C’est donc une voie d’espoir pour les citoyens français : la mutualisation des plaintes, soutenue par des associations ou des collectifs, pourrait permettre d’obtenir une jurisprudence contraignante et durable.

6. Conclusion : l’égalité numérique ne peut souffrir de l’exception permanente

Il est urgent de mettre fin à vingt années de complaisance de l’État envers ses propres dérogations. Si l’ouverture au secteur privé marque une avancée importante, elle ne peut masquer l’inaction persistante des services publics et des institutions culturelles.
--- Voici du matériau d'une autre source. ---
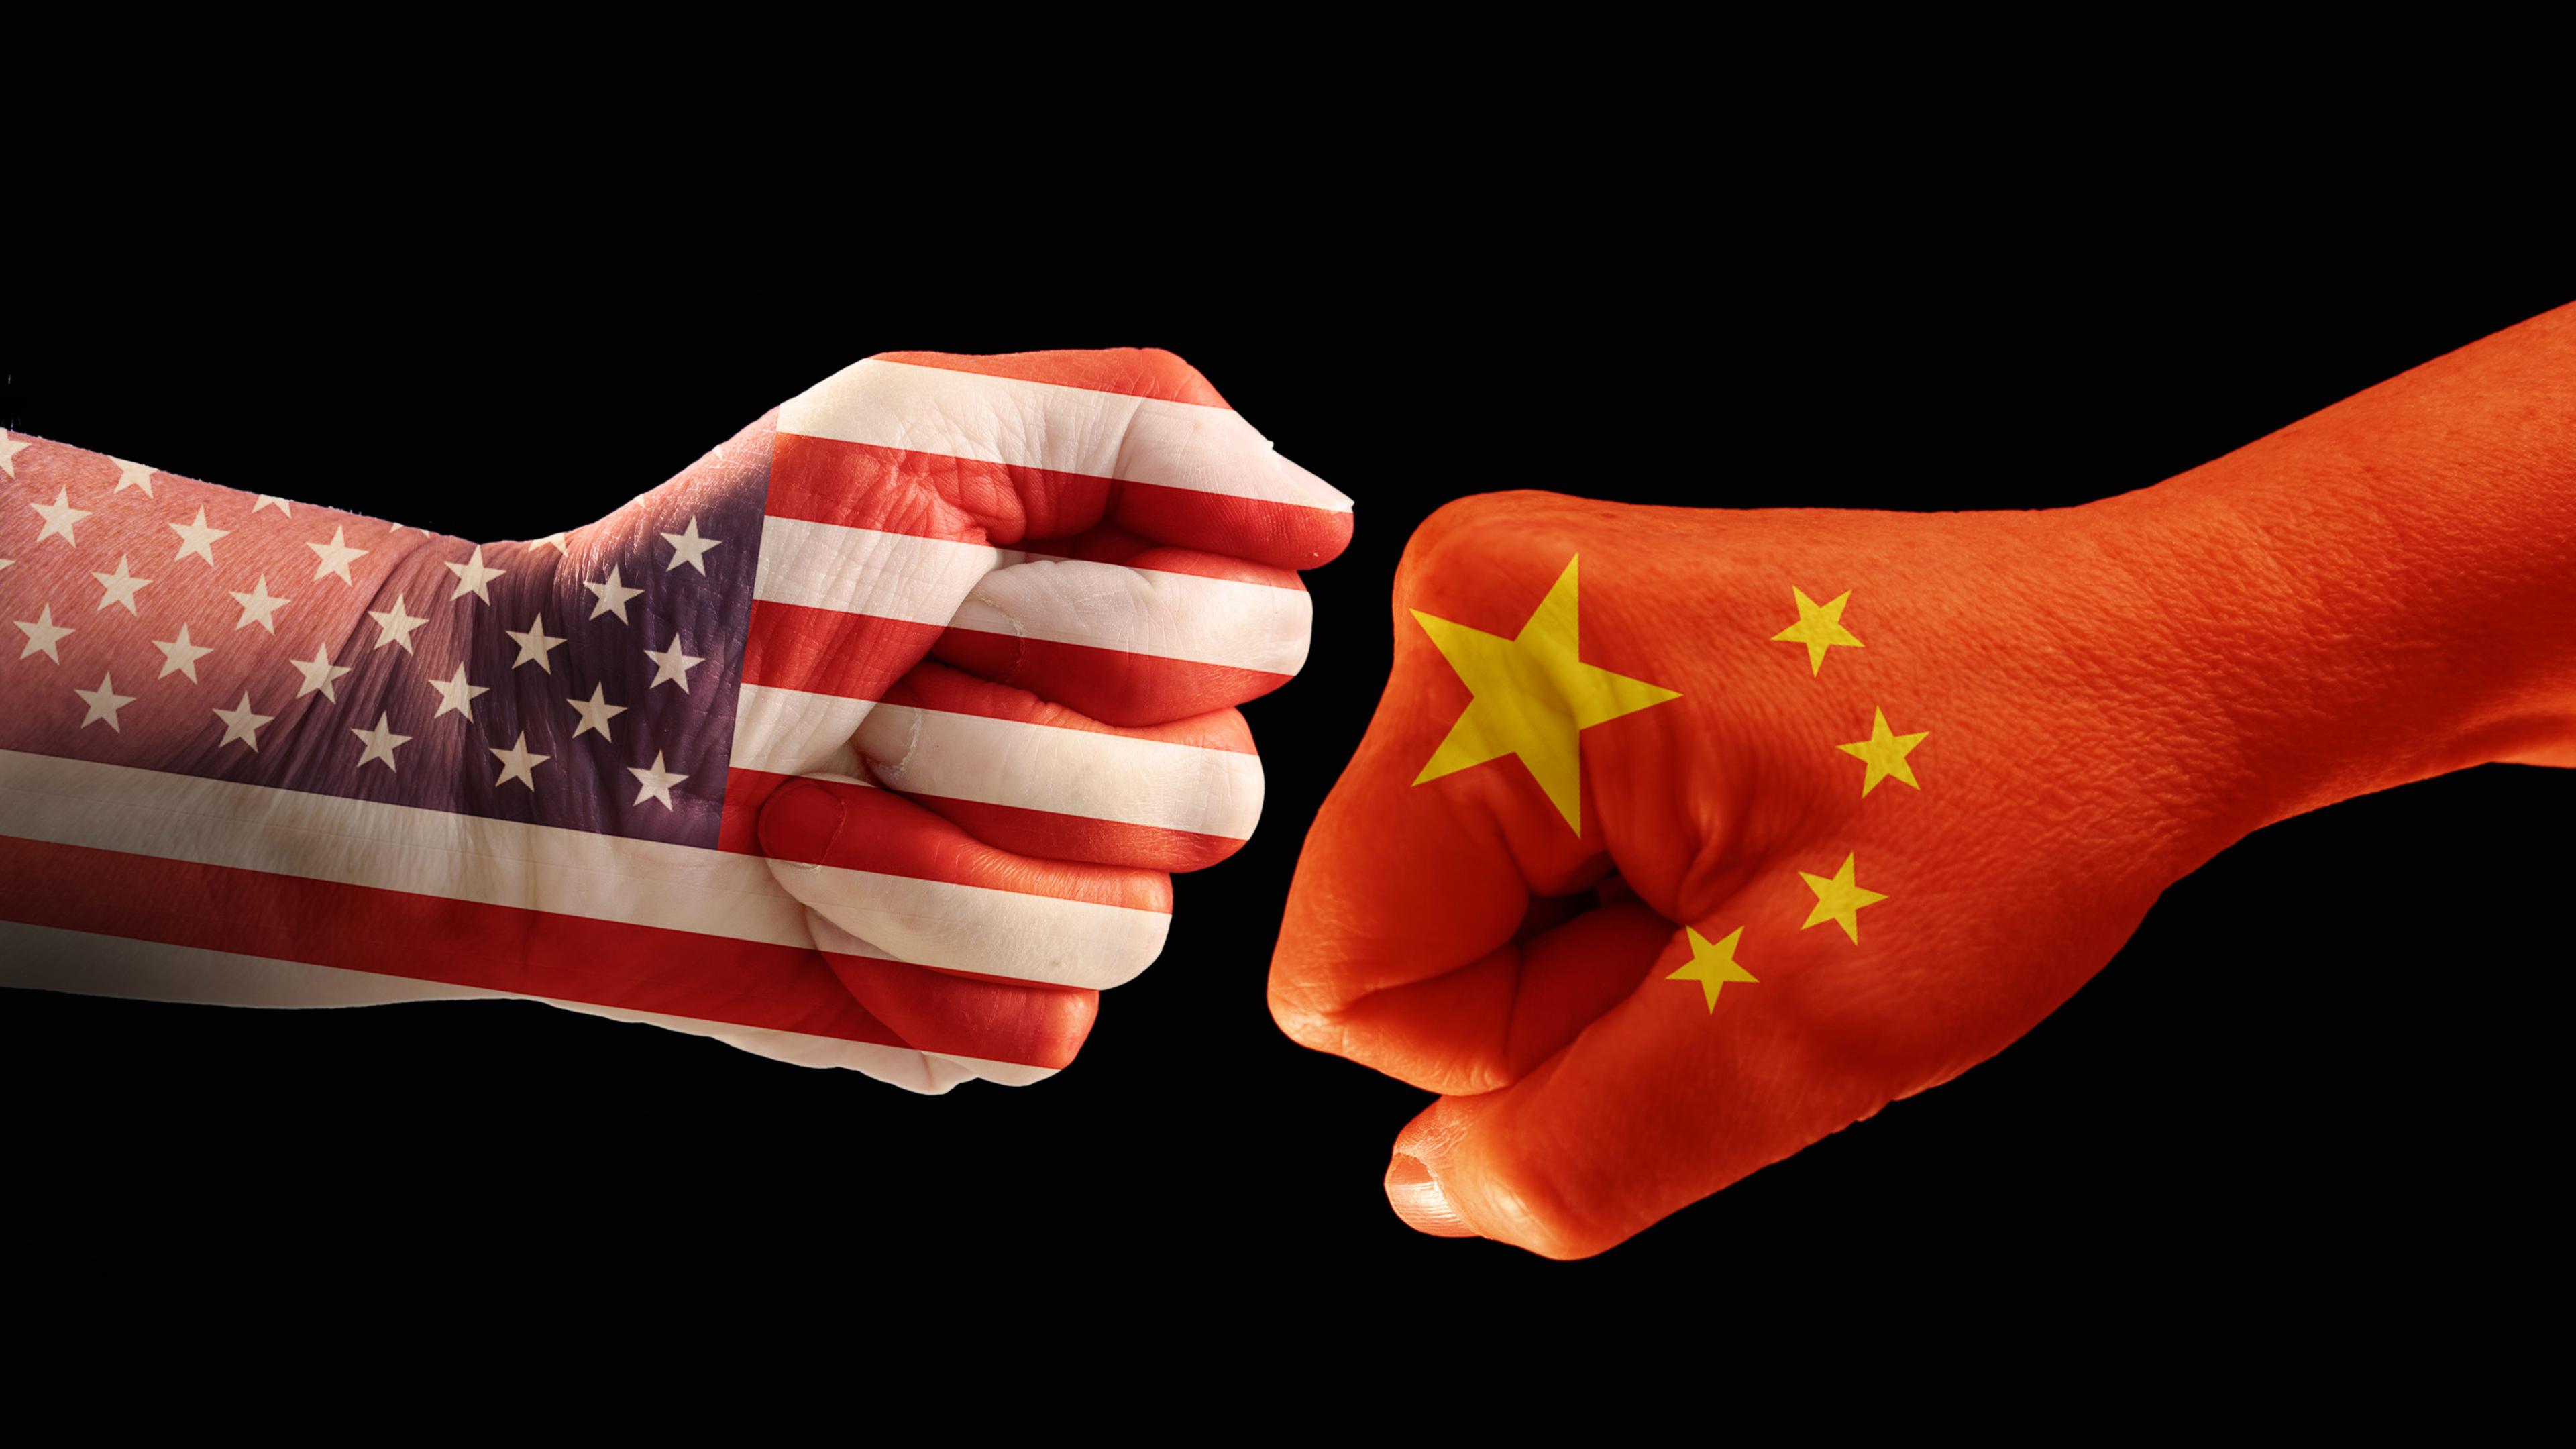  Zwei Fäuste in den Farben der Nationalflaggen von USA und China. Es ist ein Symbolbild für den Handelskrieg

L’égalité devant l’accès au numérique ne peut être repoussée à 2030 par des artifices réglementaires. Elle exige des moyens, mais surtout une volonté politique claire. Le cadre légal existe désormais : il est temps de le rendre opposable, applicable, et sanctionnable.

— André Bréant

3 commentaires

  1. Bonjour… A mon avis, on est en train de payer l’inaction de certaines associations gestionnaires du handicap dont je préfère taire le nom… Trop préhoccupée par la réception de ses dons et l’appel à la charité, en ces temps difficiles n’est-ce pas ? Donc rien d’étonnant sous le soleil de juillet… Cordialement…

  2. Bonsoir,
    Le gros problème de base est une véritable carence au niveau des formations.
    Je suis dans la région lyonnaise, je sais que l’État a supprimé des heures de formation sur l’accessibilité au niveau de l’urbanisme dans le programme de l’école nationale des travaux publics de l’État pour les remplacer par des heures sur l’écologie.
    J’ai fait également une sensibilisation auprès d’élèves ingénieur en informatique, cinquième année, un mois avant leur diplôme. Il n’avait eu aucune heure de formation sur l’accessibilité numérique pendant tout leur cursus.
    Je ne sais pas si cela est valable bien sûr dans toutes les écoles de France.
    Nous pourrons demander toutes les lois que nous voulons, toutes les sanctions que nous voulons, si il n’y a personne qui soit formé pour mettre cela en application, nous obtiendrons rien.
    Je ne suis pas un expert en constitutionnalité, Mais n’y aurait-il pas un moyen de faire pression sur l’État pour que les programmes de formation intègrent obligatoirement de l’accessibilité en invoquant l’égalité de tous qui se trouve dans notre constitution ?
    Même si nous avions la loi et les sanctions convaincante, je ne suis pas sûre que la justice condamnerait si leur défense s’appuie sur un manque de personnel formé.
    De plus, d’un point de vue économique, cela reviendrait beaucoup moins cher d’intégrer directement l’accessibilité, de toutes sortes, dans la formation de base des futures employés.
    En comparaison, c’est comme en médecine. Il y a tout un cursus commun à tous les médecins, généralistes ou spécialistes, et ensuite il y a des spécialisations.
    Un médecin généraliste sera vous soigner une maladie simple, et un spécialiste le saura également.
    Demandons la même chose au niveau de l’accessibilité. Par conséquent, pour reprendre le thème de l’accessibilité numérique, si tous les ingénieurs sont formés dans leurs premières années à l’accessibilité numérique, qu’il soit Web Designer, gestionnaire réseau, ou tout autre spécialisation dans l’informatique, il aura eu de l’accessibilité. Ensuite, dans chaque spécialisation, on pourra ajouter des modules plus spécifiques à cette spécialisation.
    Voilà ma pensée sur ce sujet.

  3. D’accord avec toi Eric, j’avais rencontré il y a peu un ancien élu qui m’avait confié : l’accessibilité numérique, vous savez, c’est surtout une devanture electorale… C’est rarement une vision à long therme… Cela en dit très long sur tout ça… Bonne journée.